Given the distinction between impulsive choice and action, it is important to understand what aspects of impulsivity the DIAS captures. For instance, studies on impulsive action have not demonstrated relationships with DIAS [@Mitcham.2015; @Brucks.etal.2017a; @Cavalli.etal.2018]. Research using measures of impulsive choice such as intertemporal choice [@Wright.etal.2012a; @Riemer.etal.2014] and spatial impulsivity [@Brady.etal.2018] have shown a relationship with DIAS; however, others have failed to show relationships in these types of impulsive choice tasks [@Fagnani.etal.2016a; @Brucks.etal.2017b; @Mongillo.etal.2019]. The items included in the behavioral regulation component of DIAS ask owners generally about whether their dogs are impulsive, are patient, are persistent, think before they act, demonstrate repetitive behaviors, have control over how they respond, and calm down quickly after getting excited. Interestingly, these items tend to be either rather general or vague terms (impulsive, patient) or refer to impulsive action (think before they act, have control over responses). Thus, one might not expect strong relationships with measures of impulsive choice, especially spatial impulsivity, which has minimal connection to the items in the DIAS. Without a stronger connection between DIAS and behavioral measures of impulsivity, it is difficult to use the DIAS or the impulsivity tasks in an applied setting, for instance, to make recommendations about using either measure as information for finding an appropriate home for a dog.

## Challenges and opportunities

Both direct and conceptual replications can be difficult to implement. We applaud @Brady.etal.2018 for facilitating replication by offering detailed descriptions of their methods and providing the individual data for their findings. Clear, thorough descriptions of methods are critical to providing the opportunity for others to replicate methods. We would also encourage the public posting of example videos of trials to further clarify methods. Additionally,  individual-level data provided by Brady et al. facilitated our ability to compare the studies more directly in ways that cannot be compared with simple summary statistics. Publicly available trial-level data can be even more beneficial to others, as it offers more granular levels of analysis and more flexible statistical models such as generalized linear models.

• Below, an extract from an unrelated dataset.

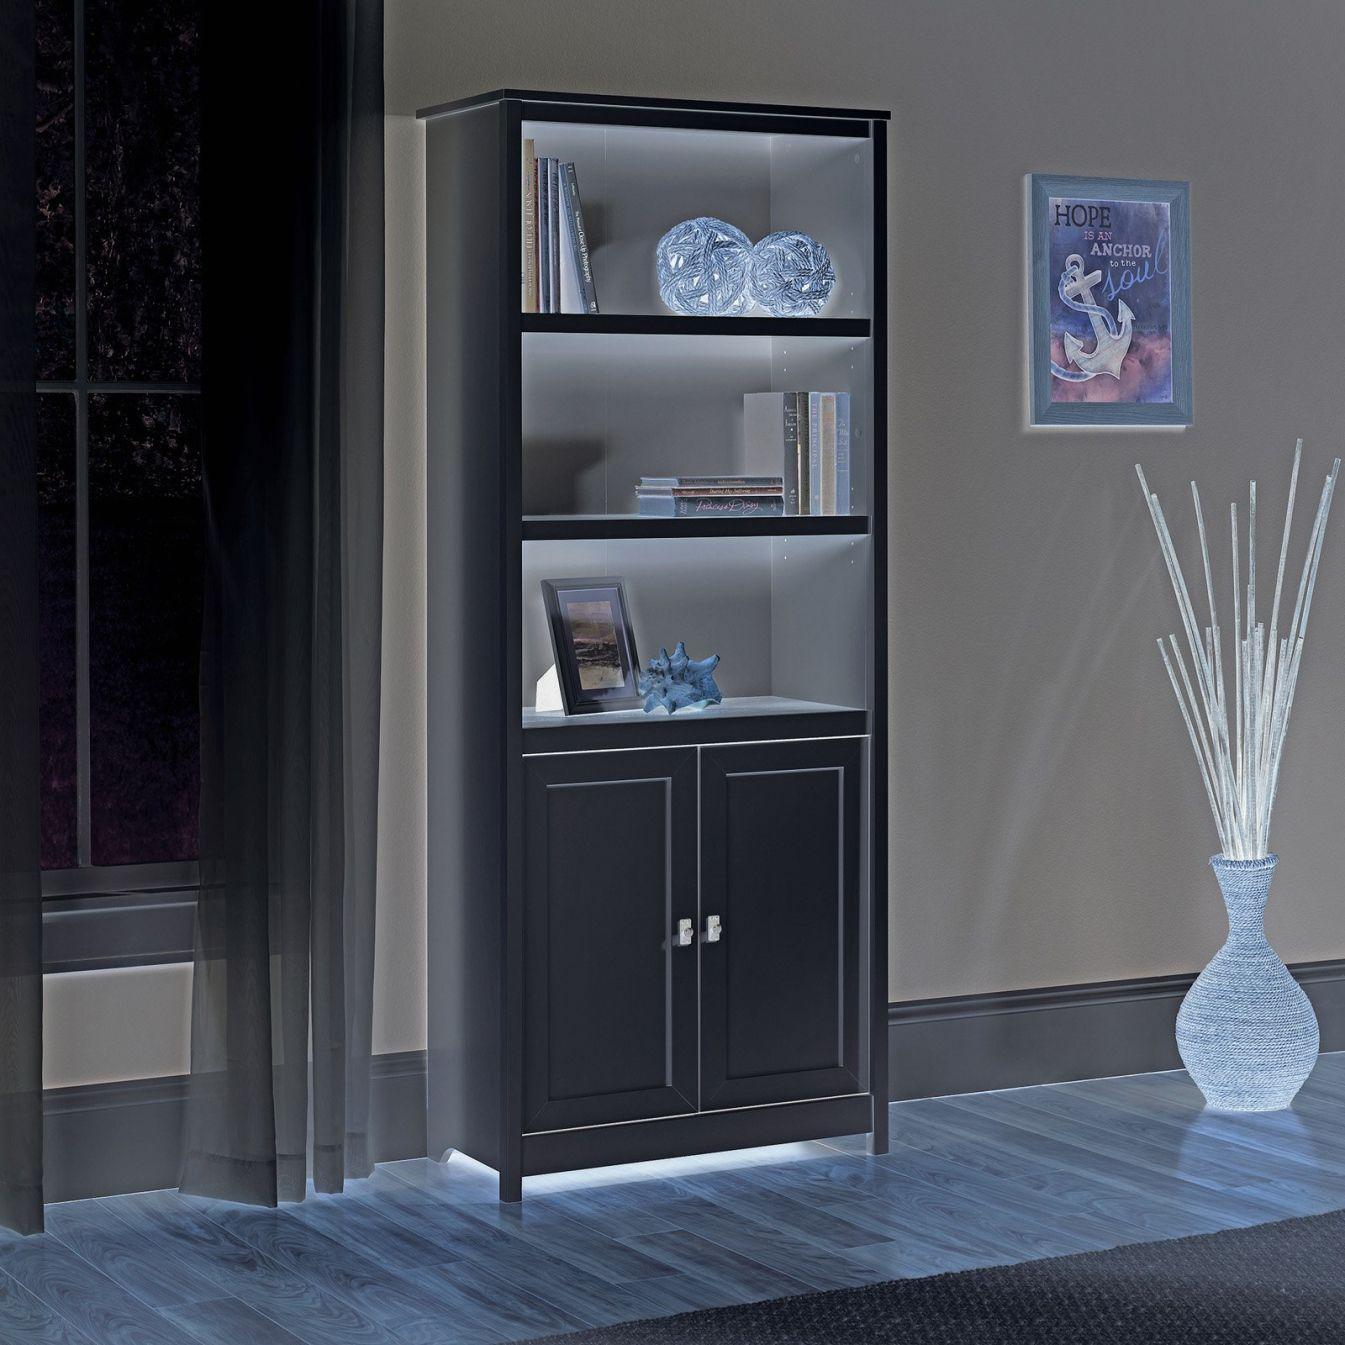 image amazing bookcase home fascinating bookcases walmart sauder white impressive canada sh cube idea one shelf corner enchanting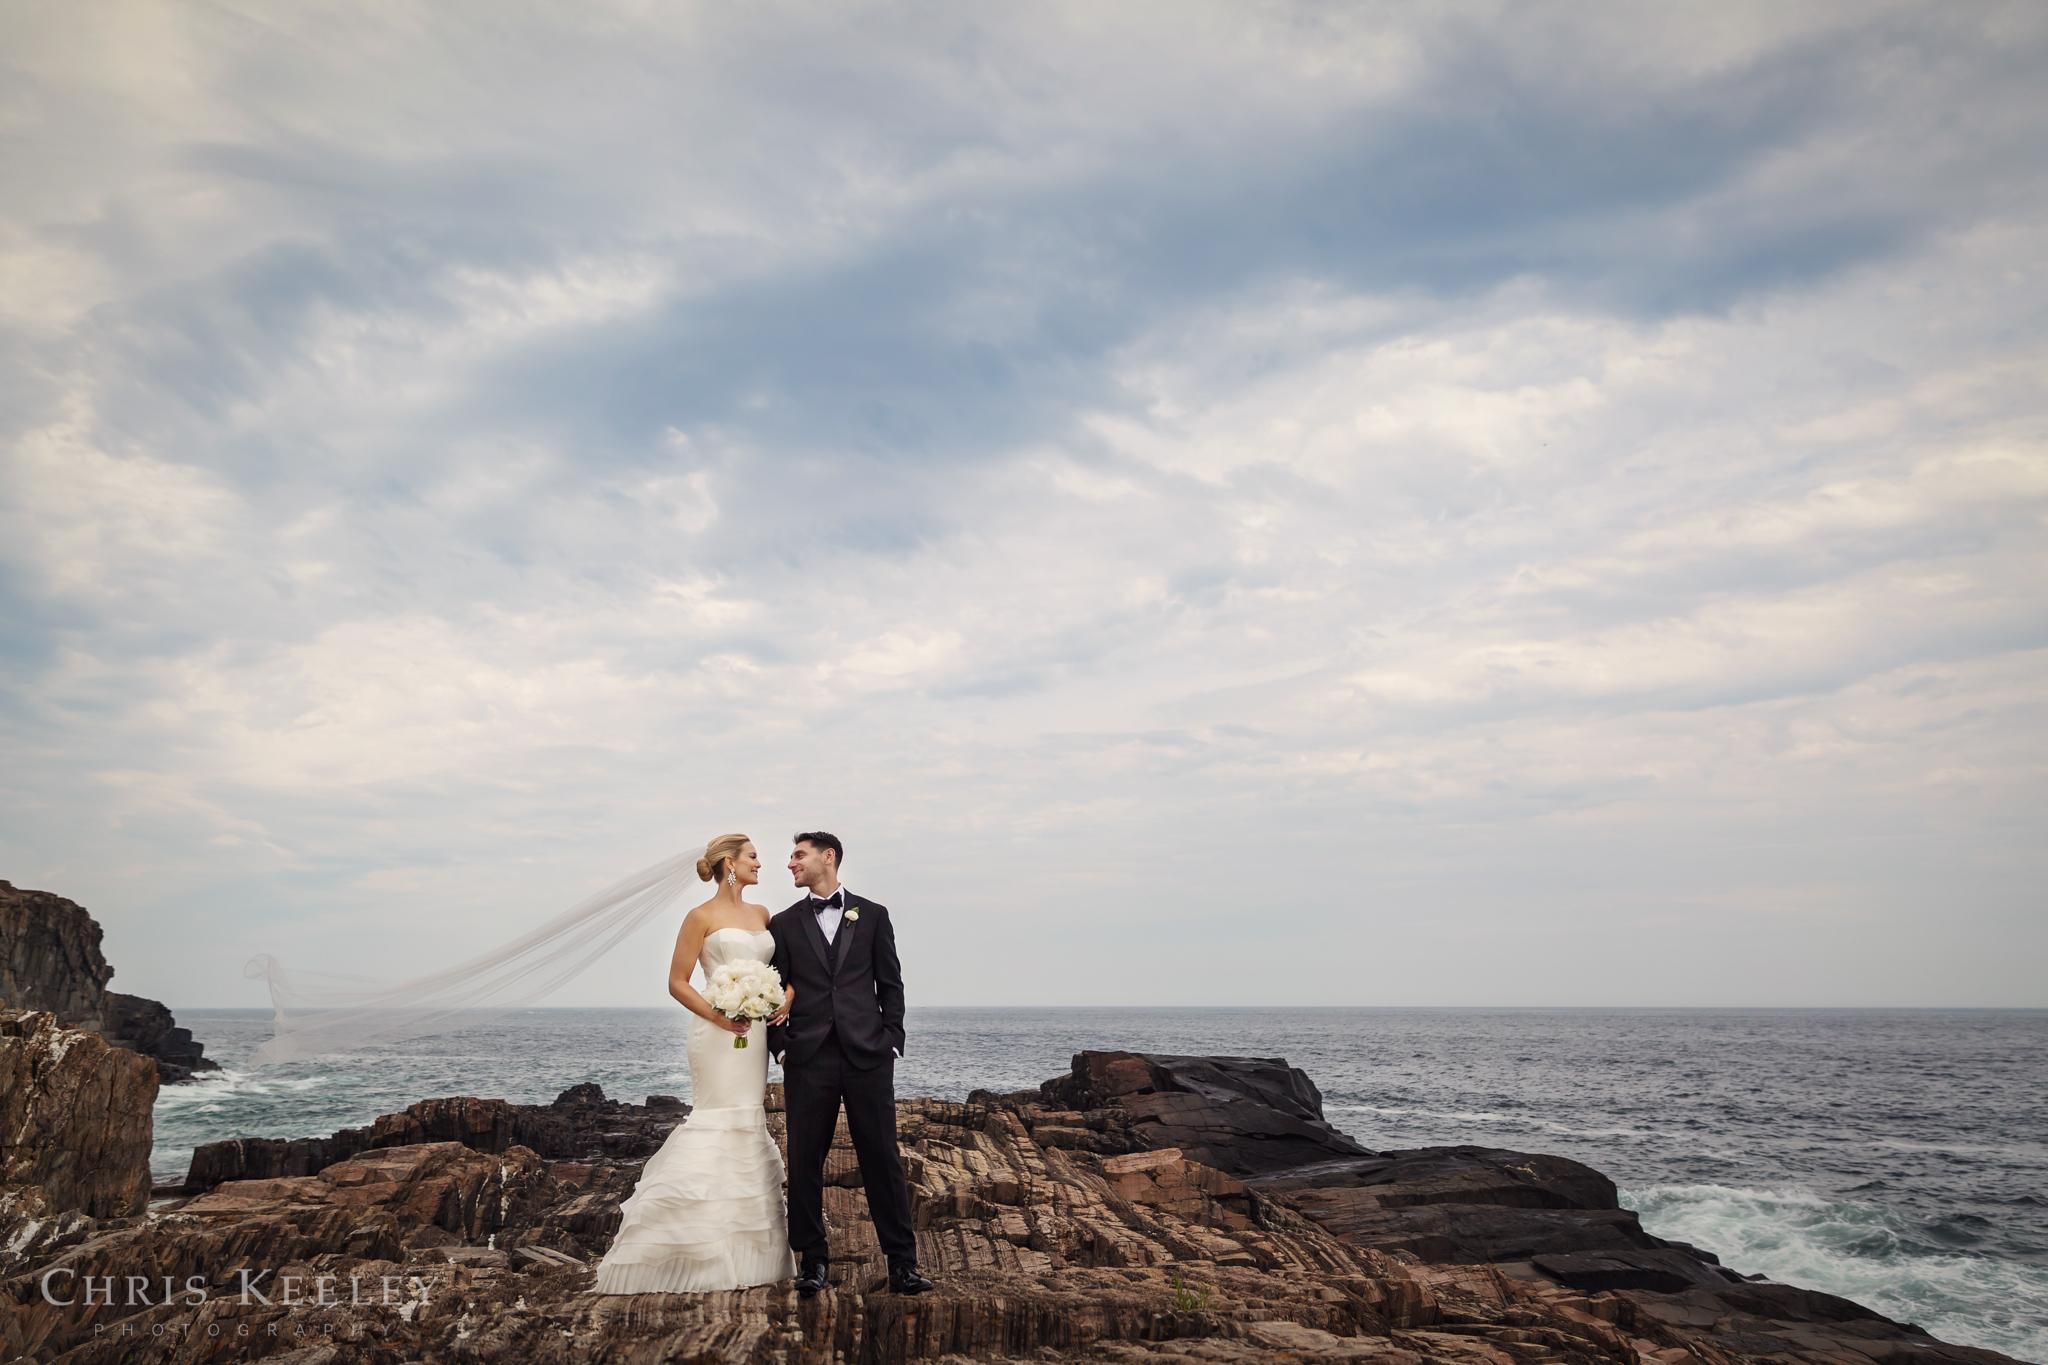 cliff-house-maine-wedding-photographer-chris-keeley-33.jpg

We advocate for leveraging aspects of open science to further advance research on dog behavior and cognition [@Stevens.2017b; @Beran.2018]. One of the first ways to improve the robustness of our findings is to recruit larger sample sizes. For correlational work in particular, small sample sizes can result in spurious relationships [@Schonbrodt.Perugini.2013; @Loken.Gelman.2017]. While many experts are hesitant to offer more statistical rules of thumb, larger samples are better, and this is especially relevant in dogs given their variation in size and breed-specific selection differences. Carefully considering in advance what your sample size will be [@Lakens.2022] or using sequential hypothesis testing with Bayes factors as we do here [@Schonbrodt.etal.2017] is critical to collecting large enough samples to yield robust results. In addition, formally pre-registering or at least informally pre-specifying analysis plans is critical for reducing researcher degrees of freedom in analyzing data [@Wagenmakers.etal.2012]. For instance, including in the analysis the dog that @Brady.etal.2018 excluded due to a diagnosis of hip dysplasia after the study dramatically changes the outcome of their analysis, dropping the correlation coefficient from $r = `r printnum(brady_trimmed_corr$estimate, digits = 2)`$ to $r = `r printnum(brady_full_corr$estimate, digits = 2)`$ and increasing the p-value from `r printnum(brady_trimmed_corr$p.value, digits = 3)` to `r printnum(brady_full_corr$p.value, digits = 3)`. At small sample sizes, Pearson correlations are vulnerable to outliers and robust analyses are required [@Wilcox.2004]. Flexibility in outlier exclusions combined with small sample sizes can reduce robustness of results, substantially influencing interpretations of our studies.

Producing a robust, reliable canine science requires implementing transparent and open research practices [@Stevens.2017b; @Beran.2018]. One initiative that provides this opportunity in canine science is the ManyDogs Project (http://manydogs.org/). This project is a consortium of dog researchers around the globe interested conducting the same studies across all of their sites [@ManyDogs.etal.2021]. This not only provides much larger sample sizes than are reasonable at individual sites but also allows for direct comparison of similarities/differences across breeds and countries. Moreover, the project is devoted to open science practices including pre-registration of hypothesis, methods, and analysis plans, as well as public posting of data. Even if a researcher does not directly participate in it, the ManyDogs Project provides a model for transparent and open practices for canine science.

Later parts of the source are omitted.